School groups were pervasive in DC. Everywhere you go, there they are. Observing them you know they are only there because 1) They can be so why not? 2) They get to stay in a hotel with their friends and without their parents 3) It provides an opportunity to hook up with someone, to goof off, act a fool and do all of the things teenagers do when they are away from constant supervision. I know there are some exceptions but most of them do not care about the history of this country.
I know there are chaperones but let's be realistic...1 adult per 10 or more kids is not enough. I know from experience. When I was 15 my softball team went to Durant, OK for a tournament. There were about 13-14 of us girls - all between 14-16 years old - and 3 adults. We were traveling in 2 vans. One of the vans had mechanical problems just south of the Texas/Oklahoma border. Two of the adults had to go into a nearby town to get parts leaving all of us girls there with our coach Roy. Someone, I don't remember who but certainly not me, convinced my friend Kim to moon the next person driving by. So me and another girl stood between Kim and the coach and she did it. The man stopped. We went and hid in the van while Roy dealt with the irate man. We also threw ice in the elevator at a hotel in Houston when the doors opened and then we ran away. So again, I am not guessing.
Back in DC, they are everywhere and there are a lot of them around The Wall when we arrive. The Wall was #1 on my list of things to see in DC. I "know" someone listed on there.
Panel 12E, Line 18, first name on the line: Thomas L Blackman.
Tommy was my mother's husband. He was not my father and he died before I was born but he was a presence in the house I grew up in all the same.
Tommy was 21 when he died on November 4, 1966. He and my mother had been married a short 15 months. His son, my half brother, was 6 months old. He was killed in a non-combat related fire, along with 7 other sailors, aboard the USS Franklin D Roosevelt "in South Asian Waters".
I have been thinking about this time in my parent's lives more than usual and have been interviewing them about various details. I always knew about Tommy. My brother was never adopted by my father and he always carried the Blackman name. I have seen Tommy's picture. The flag from his coffin is still in my mother's house. I have read the telegram they delivered when she was notified of his death and the one that was delivered to Tommy when his son was born. I spent more than a few weekend days playing in Tommy's parents backyard so my brother could visit his grandparents and his cousins. I attended Tommy's parents funerals when they died. I have been to Tommy's grave more times than I can count.
I had never been to The Wall in DC. I had been to a replica in Pensacola but the size isn't the same. And maybe because I have been talking to mom about this more lately than I ever have before, it felt different. My colleagues promised not to make fun of me if I cried and they even hung back and gave me a little space once we got there. I told my mom I was going and she said, "touch his name for me" but I couldn't. It is too high.

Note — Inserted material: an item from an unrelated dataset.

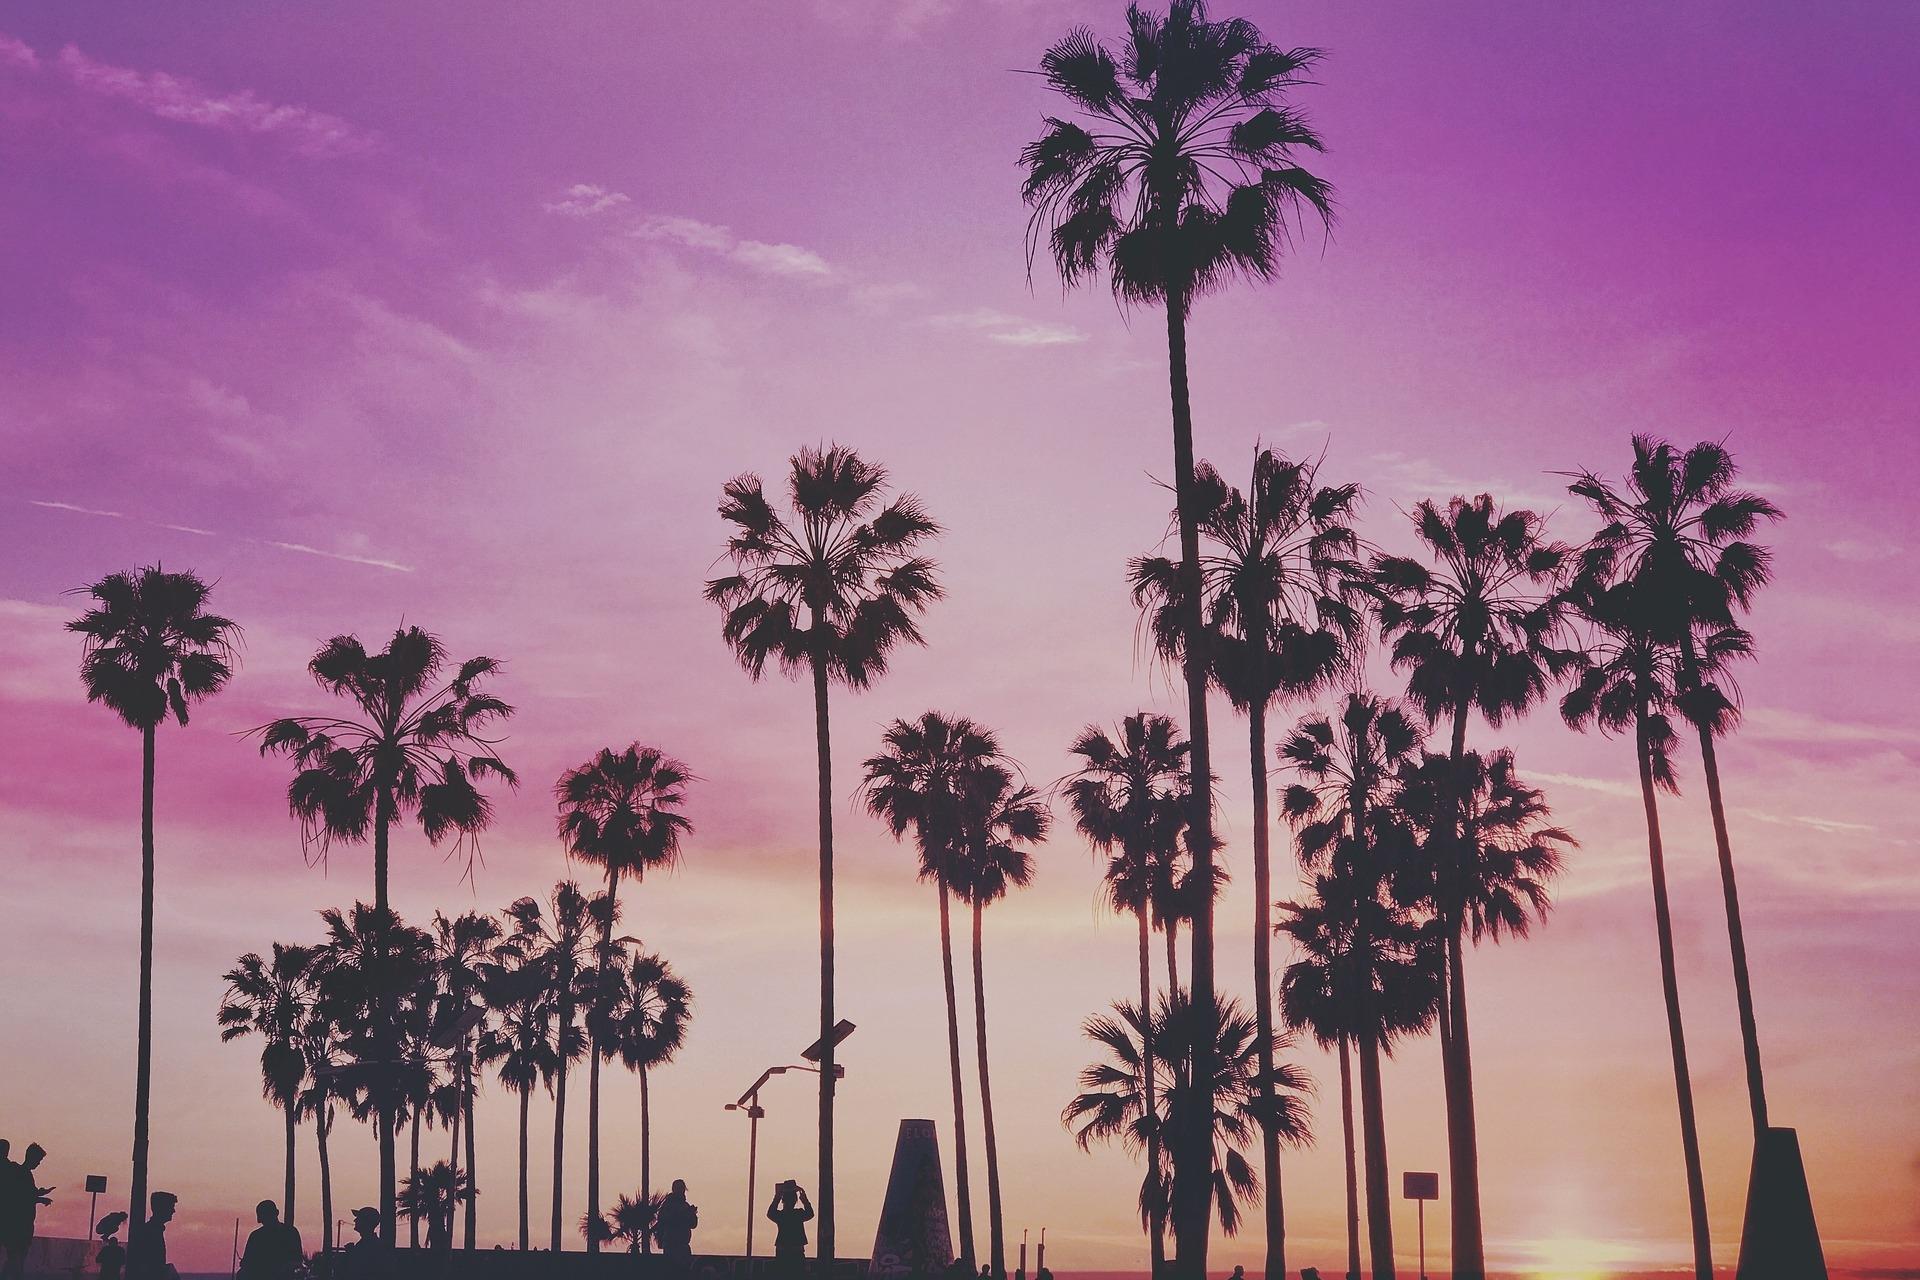 Los Angeles, California -

The Wall is higher in the middle and then tapers down to a few inches off the ground on either end. Just like this boy who is taking a rubbing, someone would have had to sit on my shoulders to get to Tommy's name. The park service said they have ladders they can get out during the day when it isn't crowded but I never had the opportunity to do that.
After being at the panel with Tommy's name for a little while, I walked down to the east end of the memorial and waited on my colleagues to catch up. I am trying not to cry (at The Wall and also right now) but am failing (at both). Two older teenage boys approach me and say, "What is this called again?" I couldn't believe it. There are signs all over the place that tell you what each thing is. The Wall is right by the Lincoln Memorial, the World War II Memorial, the Washington Monument and the Korean War Memorial. Apparently, reading isn't being taught in high school anymore. Or maybe it is common sense they are missing.
But more than that it strikes me that this memorial means so little to them, nothing really, that they don't even know what it is. They weren't born during Vietnam. At their age if they had a relative on the wall it would be a grandfather or great uncle. But this Wall means everything to some people, like my mother. But maybe you don't understand why my mother's husband's name on here would have an impact on me at all when he wasn't my father.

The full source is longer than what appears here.